Germany in the 1930s, when Hitler gained power, had experienced a lost war, humiliation, the Great Depression, unstable government, and widespread starvation. The country was ripe for a Messiah or a Napoleon.

Circumstances in America may not have been as dire at the time when Trump came to power, but the US had lost the Vietnam War, and could not win the Afghan and Iraqi Wars. Government became polarised and dysfunctional, to the extent that The Atlantic (Nov 2019) warned of lessons from the American Civil War as the ‘ties that bind us are fraying at alarming speed’.

Increasing inequality added to demoralization.
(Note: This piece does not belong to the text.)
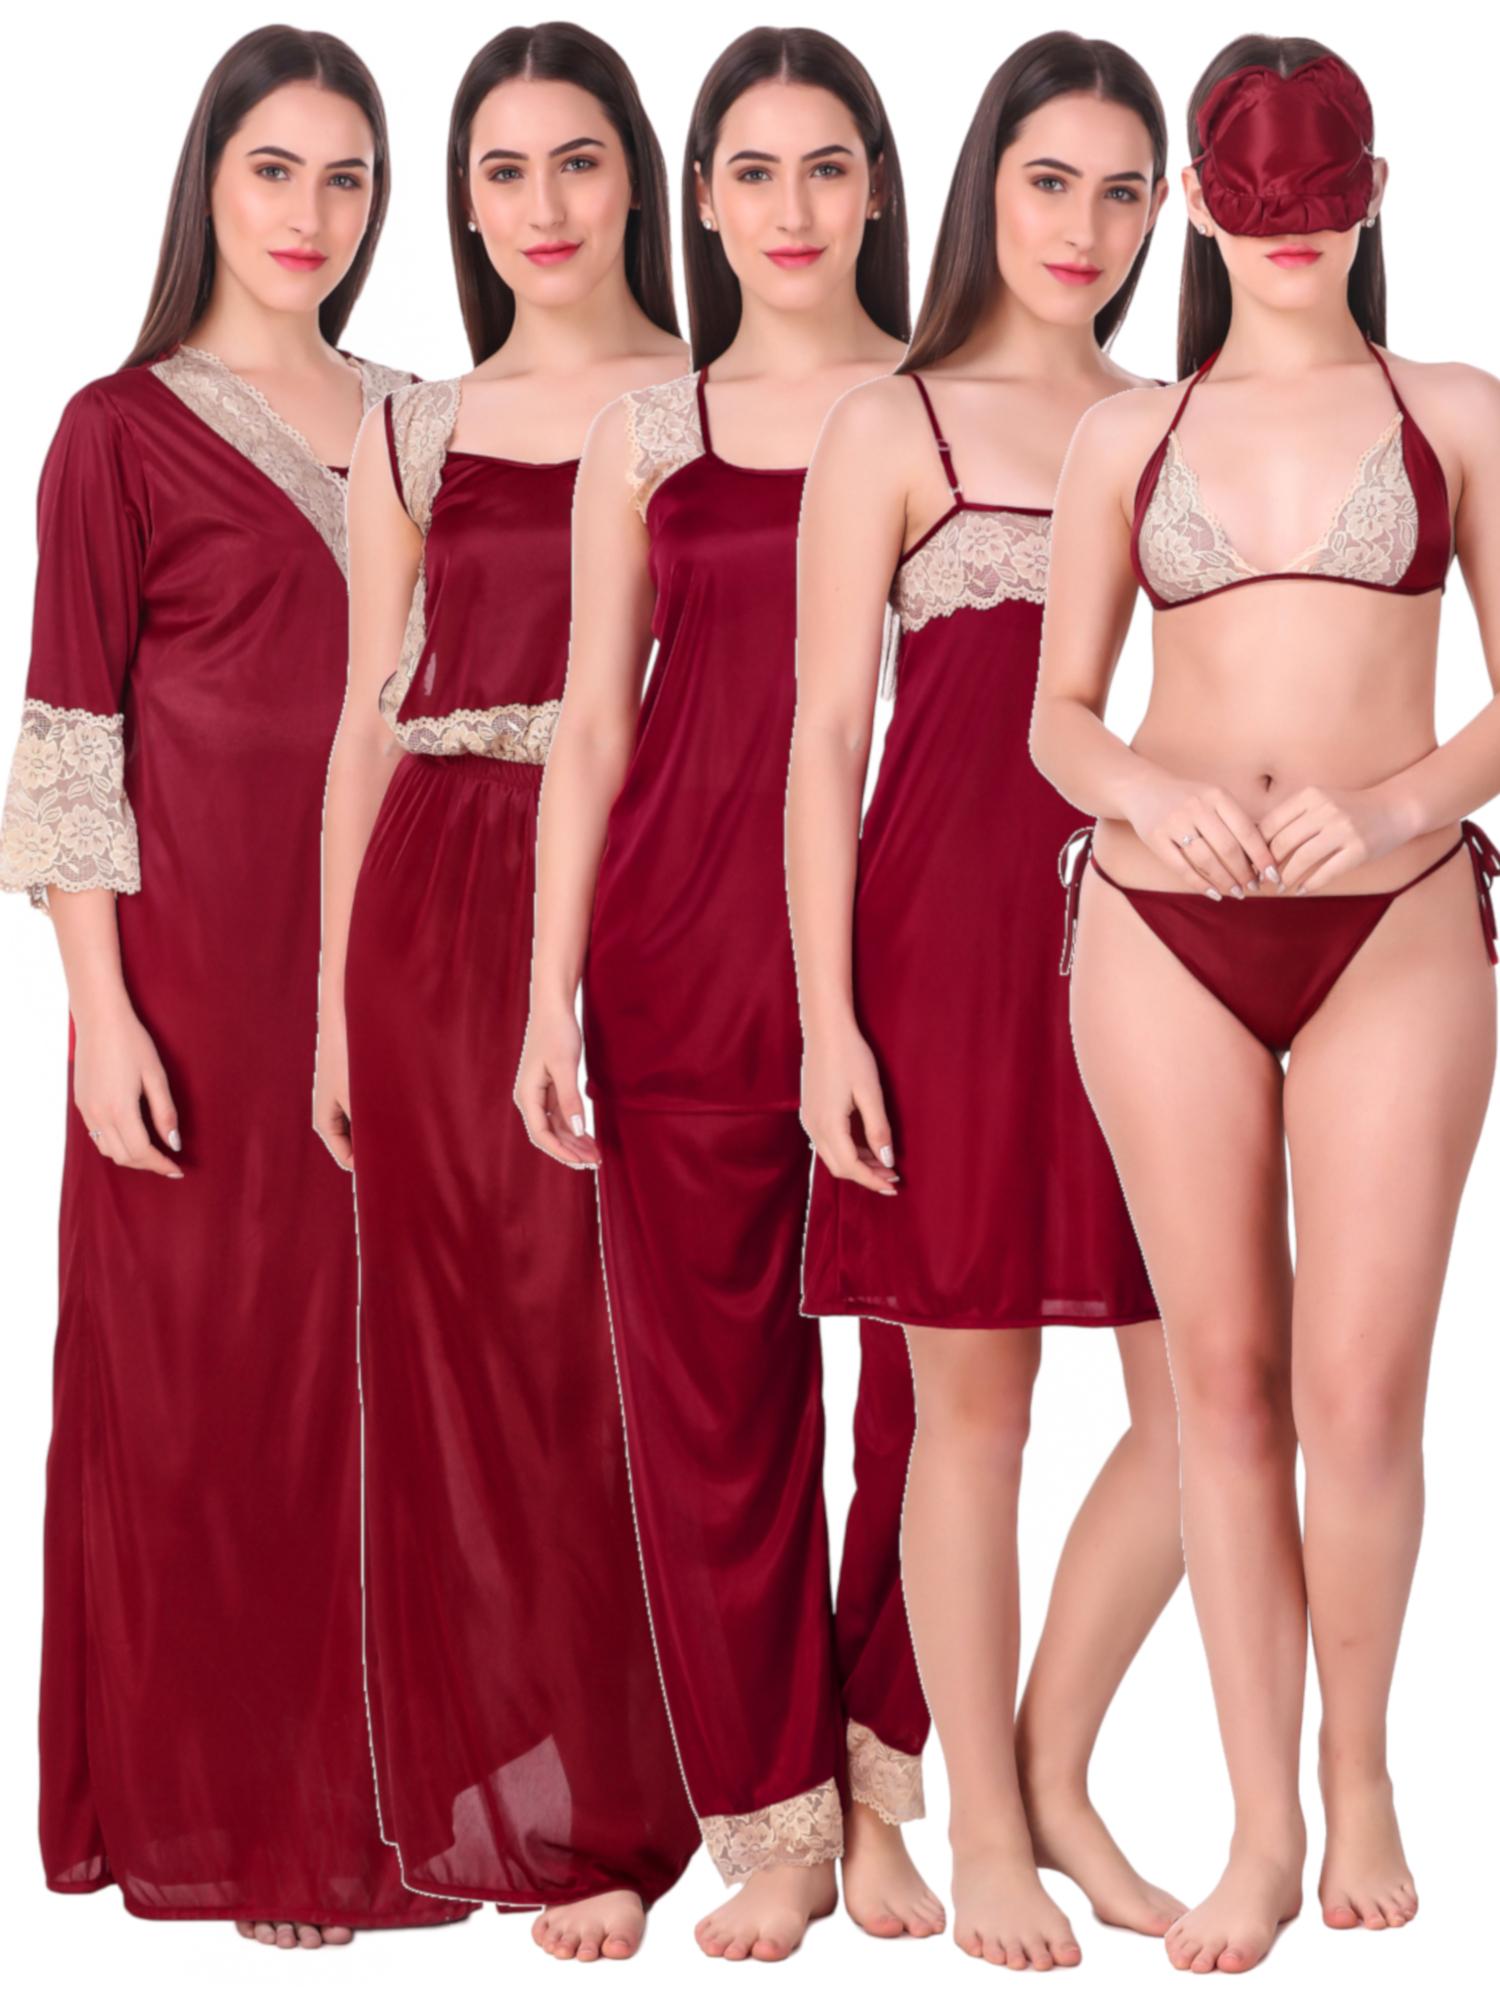 Combo Pack Of 8 Pcs Satin Spandex Lace Soft Nighty Lingerie Nightwear Set

According to Forbes rankings, there are currently 630 billionaires in the US. At the same time, many underprivileged, often black or coloured Americans cannot afford health care, and 50% of children live under the poverty level.

Underprivileged America, with its strong evangelical movement, has also been ready for a Messiah or a strong leader.
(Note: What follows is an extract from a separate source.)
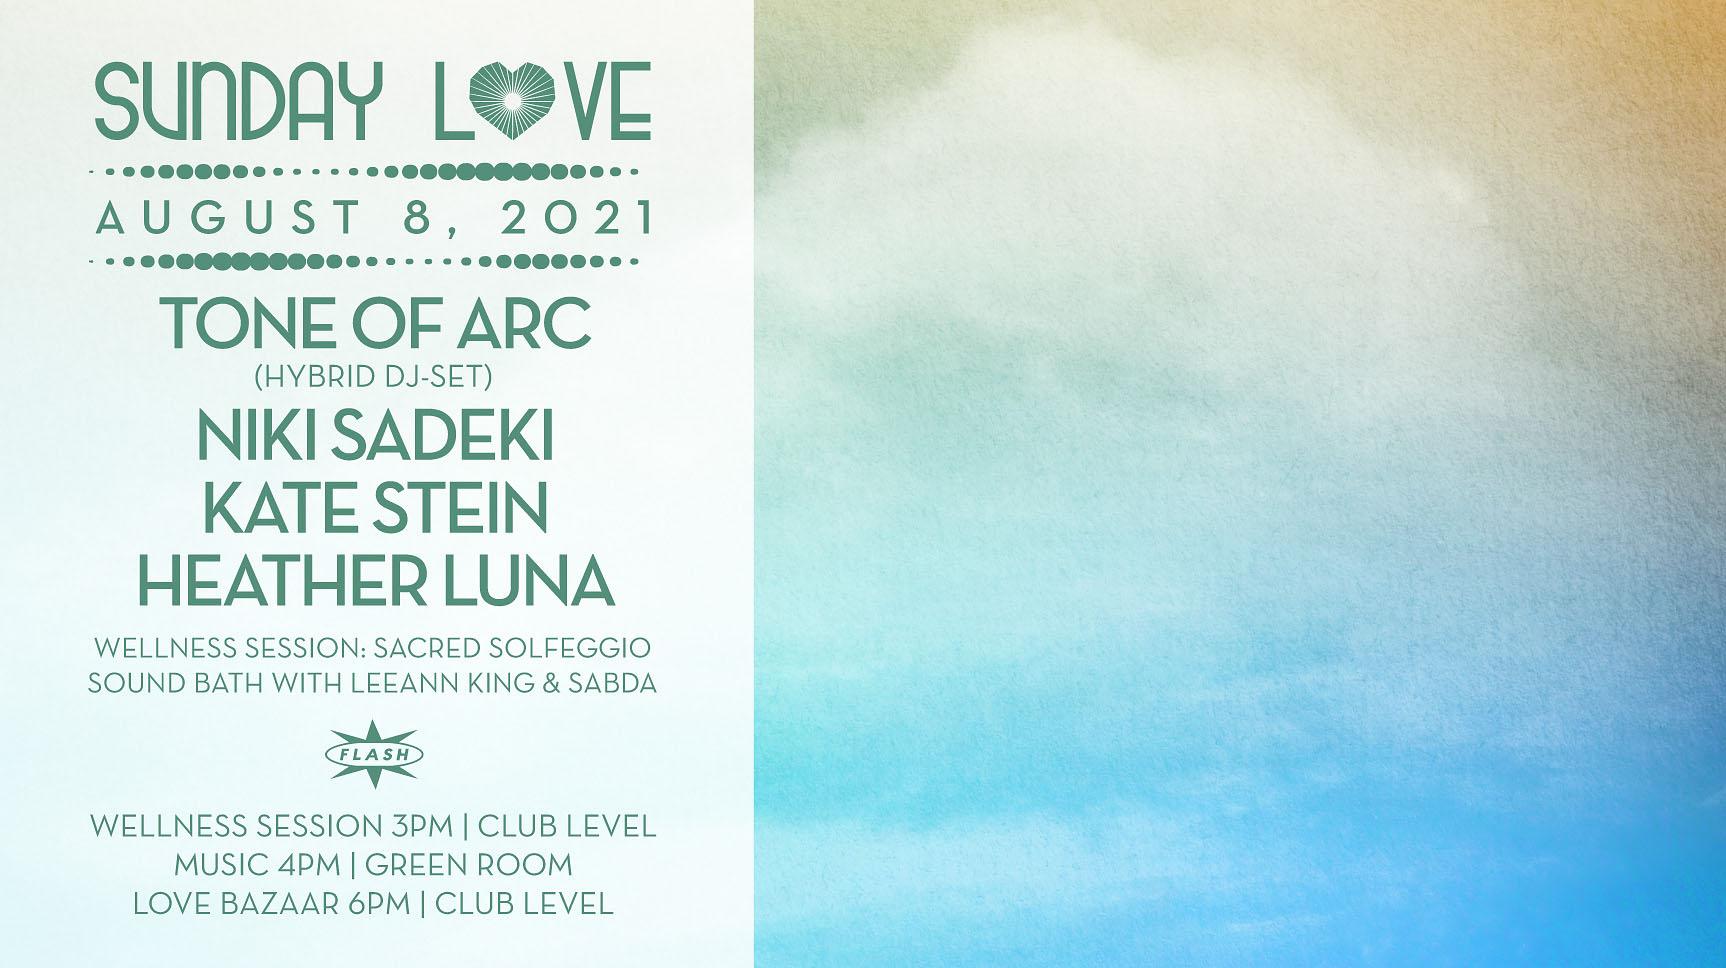 Sunday Love: Tone of Arc - Niki Sadeki - Kate Stein - Heather Luna

As a Holocaust survivor and psychiatrist, I tried to explore the power that Hitler and Trump exhibited, especially as that power was mental, fascinating, and for so many, inveigling.

Both have been considered to be mentally dysfunctional. Hitler had been labelled as delusional, psychopathic, narcissistic, sadistic, and paranoid. Endorsed by 350 psychiatrists, Trump was considered to be brittle, cruel, vindictive, delusional and irrational. Hiss mental state ‘could lead to catastrophic outcomes’ (The Independent, 4thDec 2019).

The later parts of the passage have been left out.